ABSTRACT
Objectives: We aim to investigate the joint effect of iron (enhanced neonatal iron intake), 1-methyl-4-phenyl-1,2,3,6-tetrahydropyridine (MPTP) and biochanin A (BA, oral administration) and possible mechanisms for action on behavioral and neurochemical indicators in the mice.
Methods: Rotarod test, pole test and swim test were used to evaluate animal behavior. The neurochemical analysis was conducted by HPLC-ECD. Oxidative stress was determined in this study. Further mechanism was investigated through in vitro experiments.
Results: Iron and MPTP co-administration significantly induced behavioral deficits and decreased striatal dopamine content in the male and female mice. The co-administration of iron and MPTP also significantly induced redox imbalance in the substantia nigra (SN) of mice. Furthermore, BA significantly improved behavioral deficits and increased striatal dopamine content in the mice co-treated with iron and MPTP. BA also significantly improved redox imbalance in the SN of mice co-administered with iron and MPTP. Finally, we showed that iron and 1-Methyl-4-phenylpyridinium (MPP+) co-treatment significantly increased superoxide production in microglial cultures by inducing p38 mitogen-activated protein kinase (MAPK) activation. BA also significantly decreased superoxide production and p38 MAPK phosphorylation in the cultures co-treated with iron and MPP+.
Conclusion: Iron and MPTP co-treatment may result in worsened behavioral and neurochemical deficits and aggravated redox imbalance through inducing microglial p38 MAPK activation. BA may improve behavioral and neurochemical deficits and redox imbalance through repressing microglial p38 MAPK activation.
Acknowledgements
Contributors: XJW conceived the research and designed the experiments. YHL, YL, YLX, HQC, ZQY, and XJW performed the experiments and collected the results. YHL, YL, YLX and XJW statistically analyzed the data. YHL, YL, YLX and XJW interpreted the results. YHL and XJW wrote the manuscript. All the authors critically reviewed the manuscript and approved the final submitted manuscript.
Disclosure statement
No potential conflict of interest was reported by the authors.
Notes on contributors
Yunhong Li is pursuing a master's degree at Shanghai Jiao Tong University School of Medicine, Shanghai, China. She is focused on studying the pathogenesis and therapy of Parkinson's disease.

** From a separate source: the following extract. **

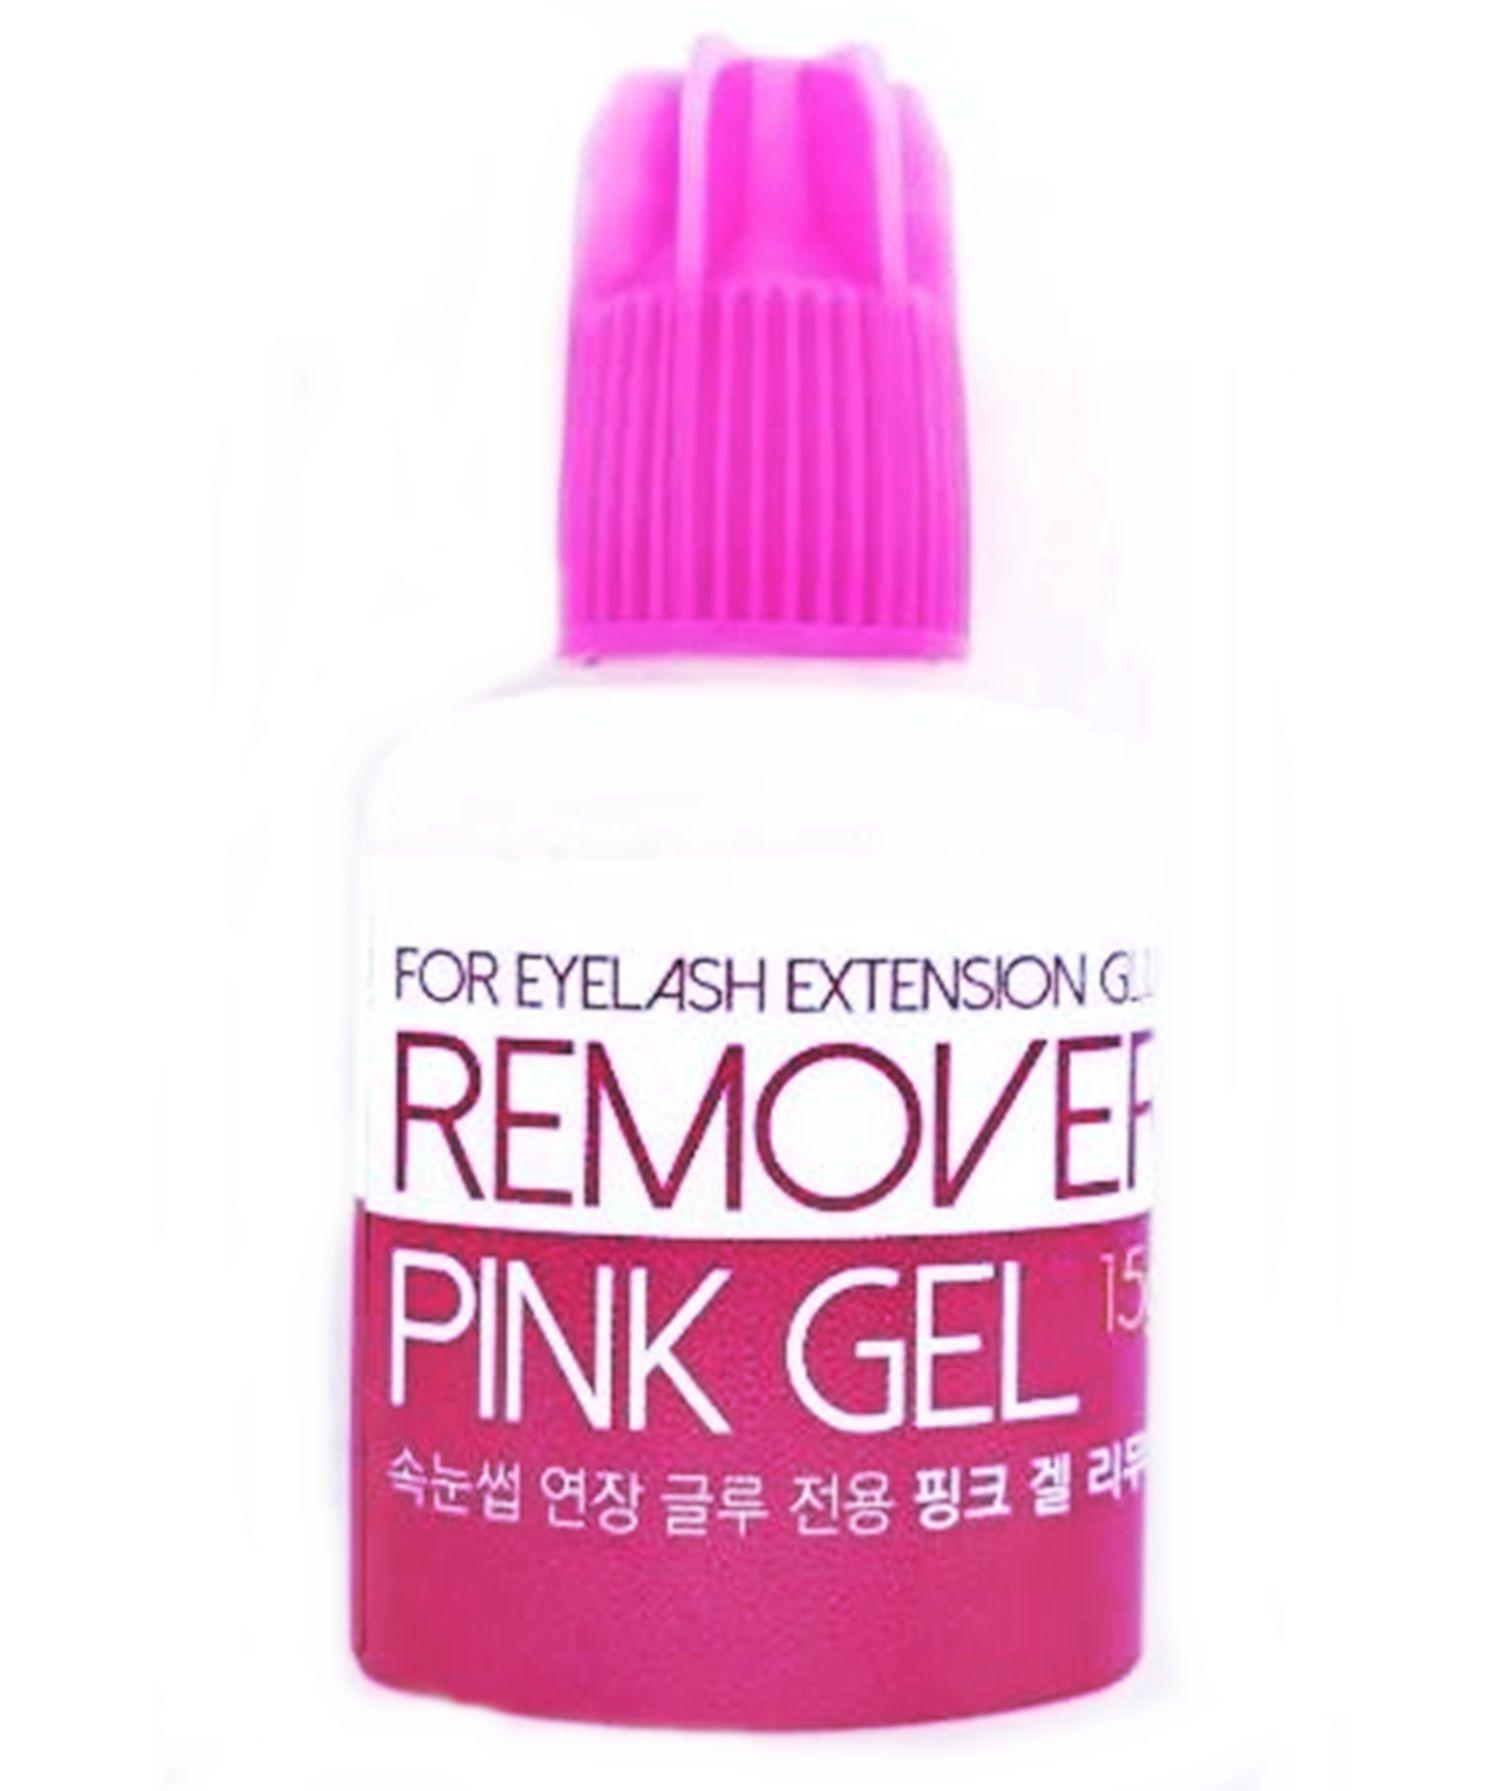 Removedor em Gel de Cola para Extensão de Cílios Pink Gel - 15g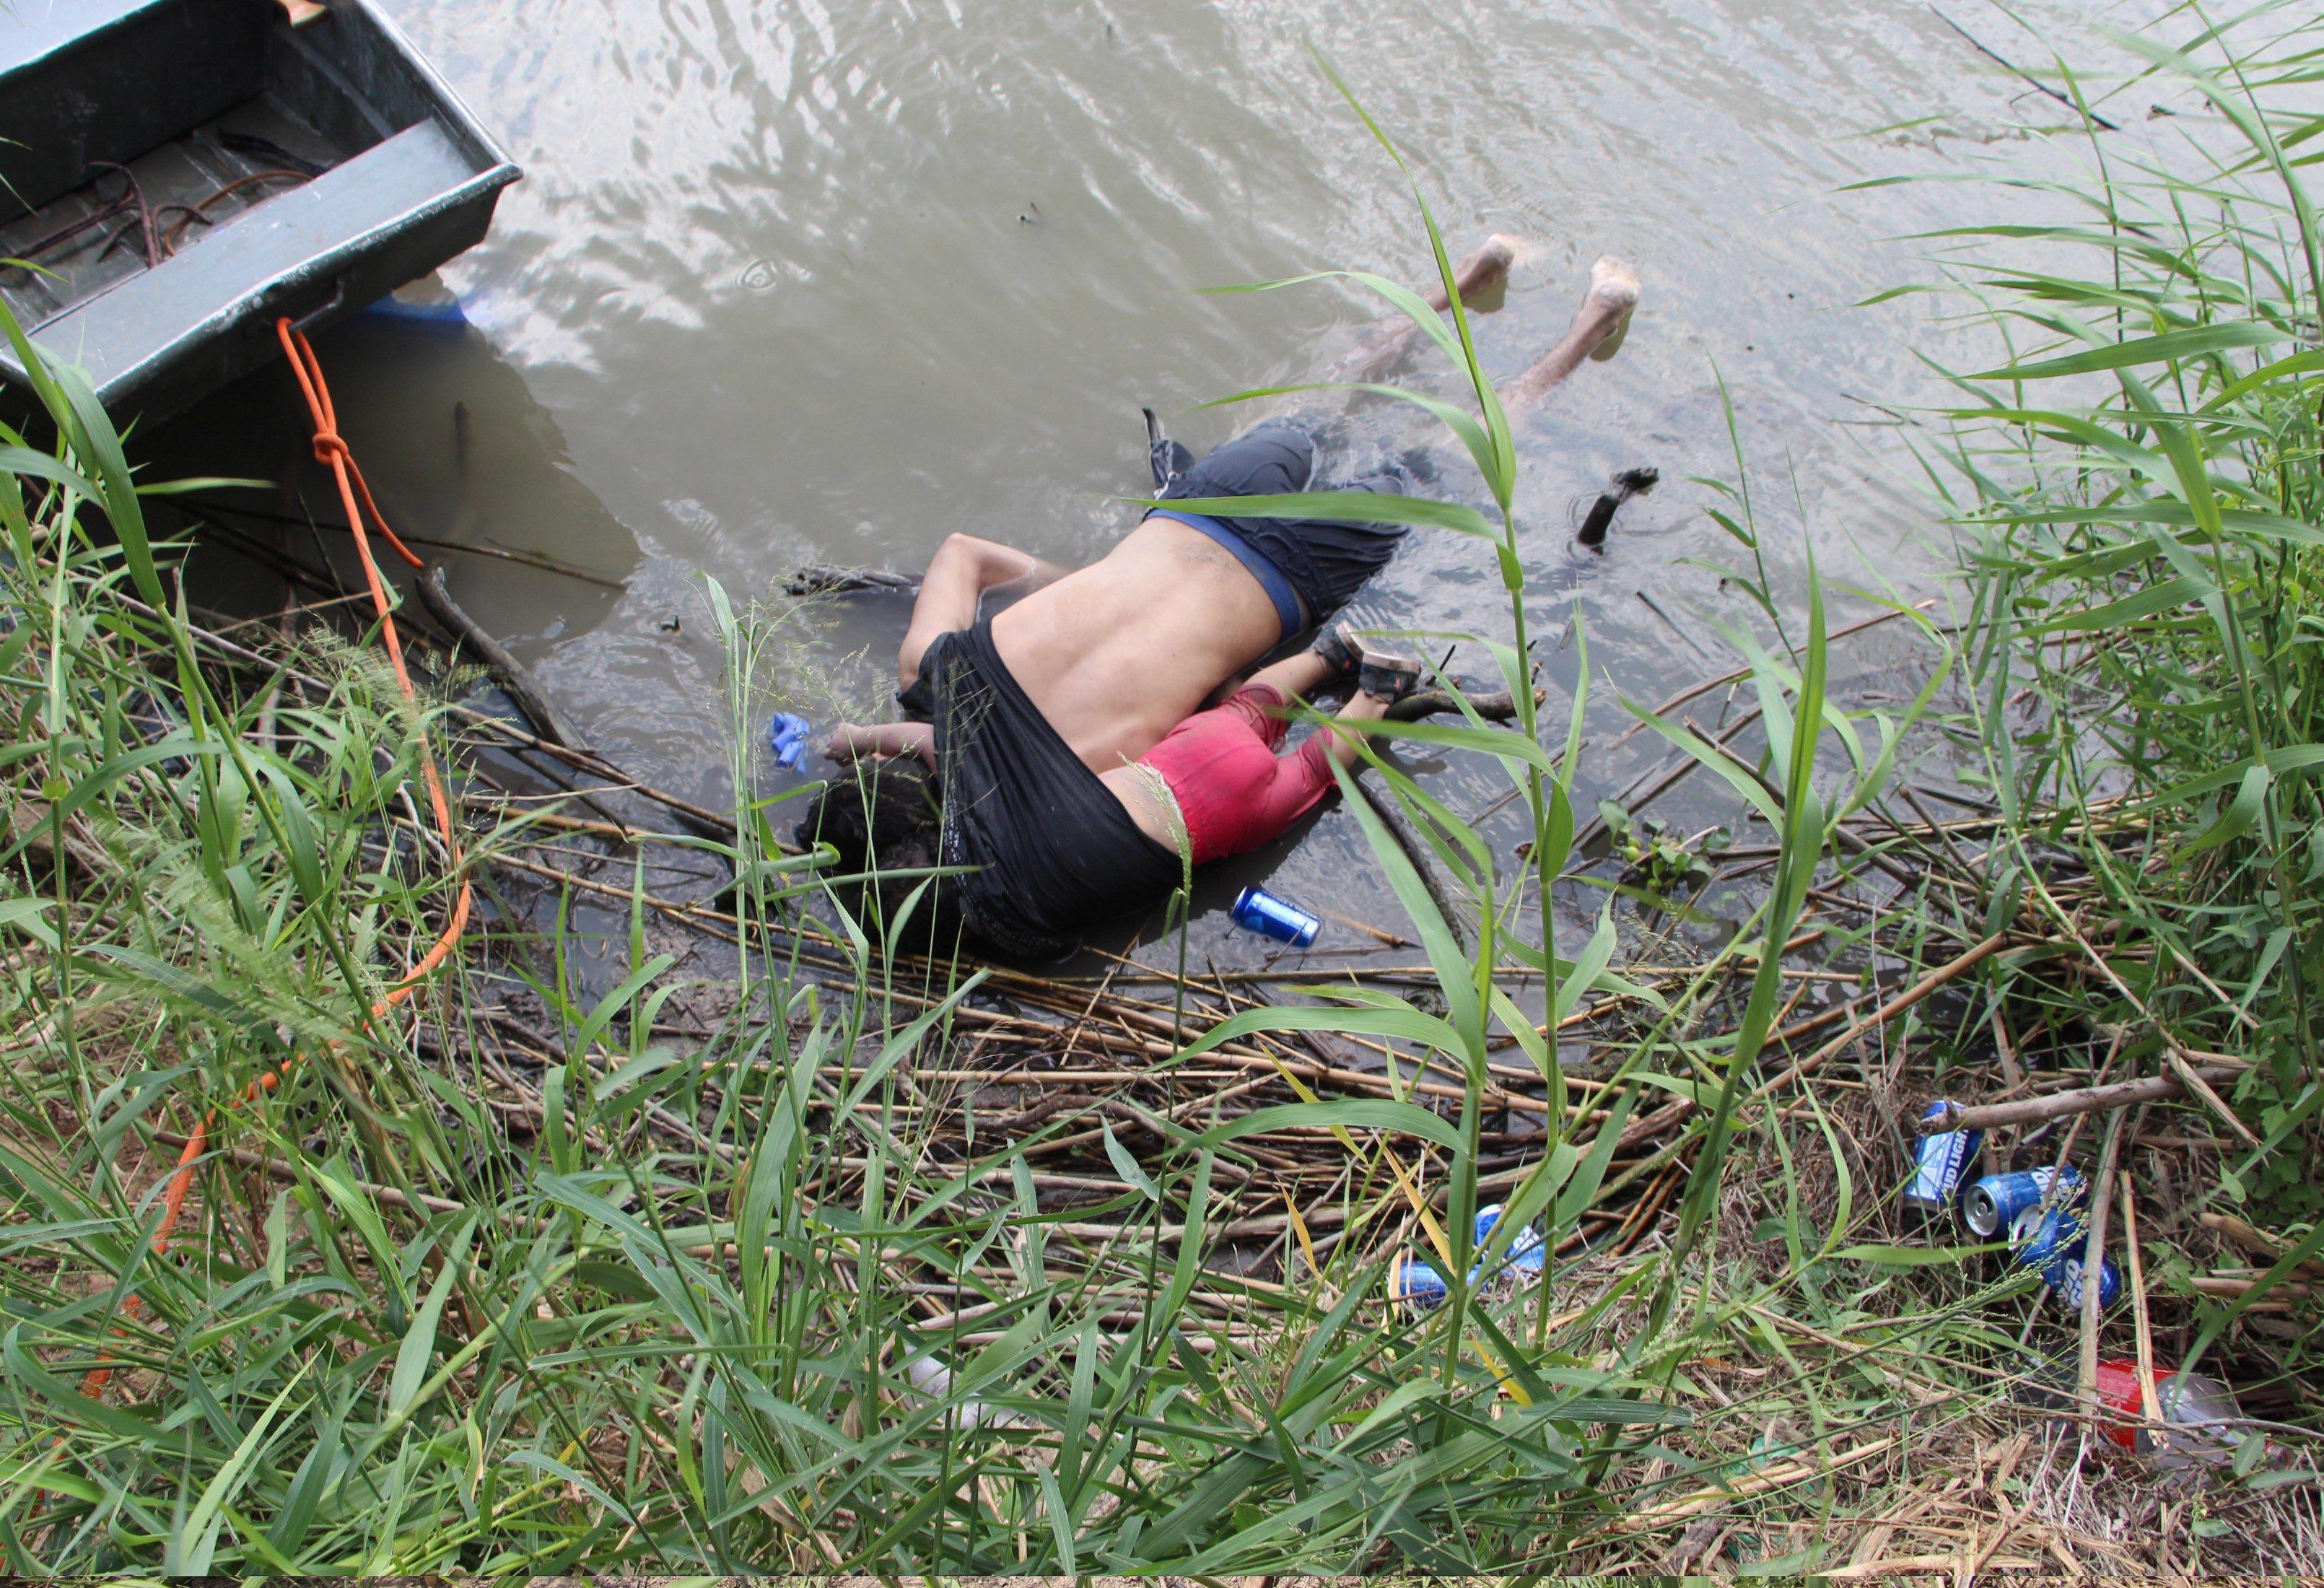 Los cuerpos sin vida de un presunto migrante y su bebé a una orilla del Río Bravo en Matamoros, frontera con EE.UU., en el estado de Tamaulipas (México). Foto de EFE/ Abraham Pineda-Jácome.

Ying Liu is pursuing a master's degree at Shanghai Jiao Tong University School of Medicine, Shanghai, China. She is focused on studying the pathogenesis and therapy of Parkinson's disease.
Yaling Xu is pursuing a master's degree at Shanghai Jiao Tong University School of Medicine, Shanghai, China. She is focused on studying the pathogenesis and therapy of Parkinson's disease.
Hanqing Chen is a Professor of the School of Biotechnology and Food Engineering, Hefei University of Technology, Hefei, China. He is focused on studying the pathogenesis and therapy of Parkinson's disease.
Zhiqiang Yan is an associate professor of Shanghai Laboratory Animal Center, Chinese Academy of Sciences, Shanghai, China. He is focused on studying the pathogenesis and therapy of Parkinson's disease.
Xijin Wang is a Professor of the Department of Neurology, Xinhua Hospital Affiliated to Shanghai Jiao Tong University School of Medicine, Shanghai, China. He is focused on studying the pathogenesis and therapy of Parkinson's disease.
Ethics approval
This study was carried out according to the guidelines of the National Institutes of Health (publication No. 80-23), and all the animal protocols were approved by the Institutional Animal Care and Use Committee of Shanghai Jiao-Tong University School of Medicine (SJTUSM IACUC). All procedures in this study were approved by the Institutional Review Board of Xinhua Hospital affiliated to Shanghai Jiao Tong University School of Medicine (Approval No. XHEC-F-2016-209, the date that the research proposal was approved: March 7th, 2016). All efforts were aimed to minimize animal suffering in the experiments.